Gabriel Matzneff : Les Russes blancs qui étaient restés à Paris formaient une véritable société où les habitudes russes se perpétuaient, et notamment celle de boire beaucoup de très bon thé. J'ai grandi parmi les samovars puisqu' où que j'aille lorsque j'étais enfant, à quatre ou cinq ans, j'assistais au cérémonial du thé. Le samovar trônait toujours dans le salon ou la salle à manger et l'on buvait souvent un thé fort, assez âcre. J'ai fais dire à un personnage de l'un des romans qu'il n'y a que les Chinois, les Arabes, les Anglais et les Russes qui savent faire le thé et ce qui me frappe en France, c'est que l'on assiste à une espèce de résurrection de l'art de faire le thé, mais qui est assez récente.

T.des E. : Pour vous, l'art du thé est donc associé à un véritable rituel ?

G.M. : Je me souviens d'une habitude justement qu'avaient les Russes à Paris, qui était de ne jamais mettre le sucre dans la tasse. Ils en prenaient un petit morceau dans la bouche ou une cuillère de confiture, et avalaient ensuite une gorgée de thé. Je ne sais pas si les Soviétiques poursuivent aujourd'hui cette habitude assez amusante, mais cela faisait partie du rituel. Comme j'ai beaucoup vécu en Asie et dans les pays arabes, j'ai eu l'occasion d'assister à toutes sortes de cérémonials et de boire divers thés..

T.des E. : Comment avez-vous l'habitude de boire du thé ?

G.M. : L'écriture peut très bien se passer dans un endroit sans odeurs ni saveurs : vous êtes complètement dans votre tête. Le corps, mobilisé, suit l'intellect Je ne sens rien, mais je ne pourrais ni avoir mal au dos en écrivant ni savourer un bonbon. Quand on écrit, on est dans un présent particulier, hors du temps, tandis que tout ce qui est du rapport de la jouissance et de la saveur vous mobilise complètement au moment où ça se passe.

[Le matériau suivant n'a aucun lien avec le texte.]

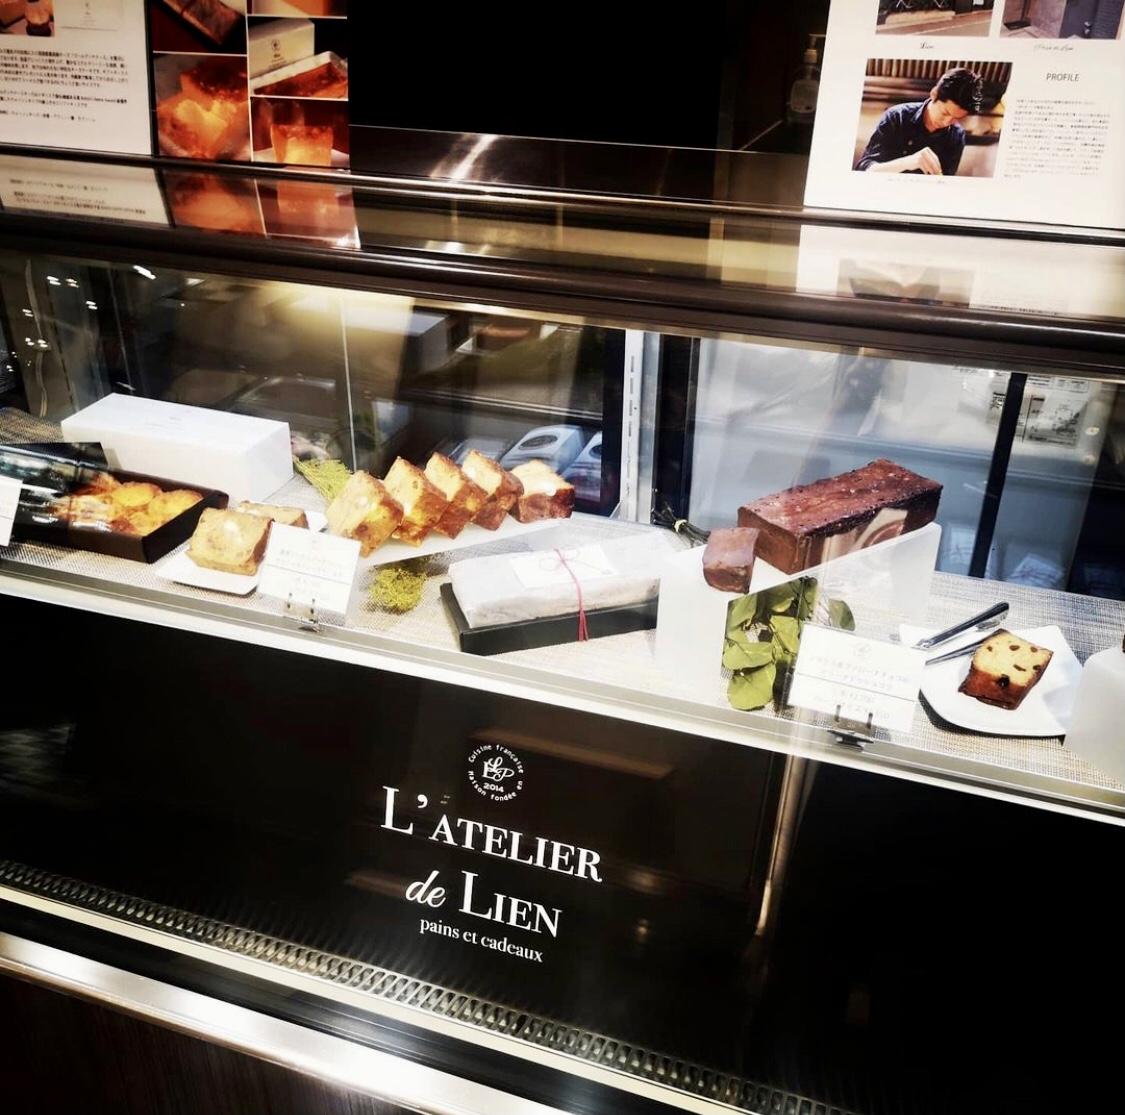 期間限定ポップアップストア 新商品「北海道小豆のチーズケーキ」

T.des E. : Comment avez-vous l'habitude de boire du thé ?

G.M. : Comme je ne suis pas très " zuccherato " ( sucré ), je ne mets jamais de sucre dans mon thé. J'aime bien en boire la nuit, comme je suis insomniaque et que j'écris. Je trouve que la théière est une présence amicale, amie des artistes. Le matin, à l'inverse, je préfère le café, le thé ne me réveille pas, c'est plutôt une boisson paisible qui ne me stimule pas pour m'agiter. En vous parlant, je m'aperçois que j'aime bien boire le thé dans des porte-verres, plutôt que dans des tasses. On apprécie mieux sa couleur et le plaisir de l'oeil augmente le plaisir du goût.

T.des E : Quel est votre univers d'écriture, écrivez-vous à certains moments privilégiés de la journée ?

G.M. : Je travaille bien le matin. C'est pour cela que je pars souvent dans les pays chauds où j'écris mieux. La vie y est plus simple sous le soleil et elle commence plus tôt. La lumière y est belle et je me sens régénéré par la fraîcheur matinale, c'est à ces heures-là que je travaille le mieux et que j'ai mes meilleures idées. Et puis, je peux écrire n'importe où, je mène une vie assez bohème où je n'ai pas d'endroit particulier si ce n'est que je n'écrirais pas en public, dans un café parisien par exemple. A la rigueur, je pourrais le faire dans un pays étranger où je serais sûr de ne pas être reconnu. Pour en revenir au thé, il me correspond bien finalement, puisqu'il peut se boire à toute occasion, chaud, tiède ou même froid.

T.des E : Tous vos écrits respirent la sensualité, quelle est selon vous le rapport entre écriture et saveurs ?

G.M. : Le but de l'écrivain est de faire ressentir la saveur des mots au lecteur. Ce que Flaubert appelait " le gueuloir ", cette façon de se lire à haute voix son propre texte pour en entendre les sonorités, est vraiment essentiel à l'art d'écrire, et relève effectivement de la saveur. L'écrivain doit pouvoir donner toutes les sensations olfactives, visuelles et sonores à son lecteur. Il a à son service les images, les assonances... toutes les subtilités de la langue, mais suggérer est parfois plus important parfois que de décrire en détail. Je pense que la simplicité est le grand art, où l'effort ne doit pas se faire sentir, mais bien plus l'allégresse.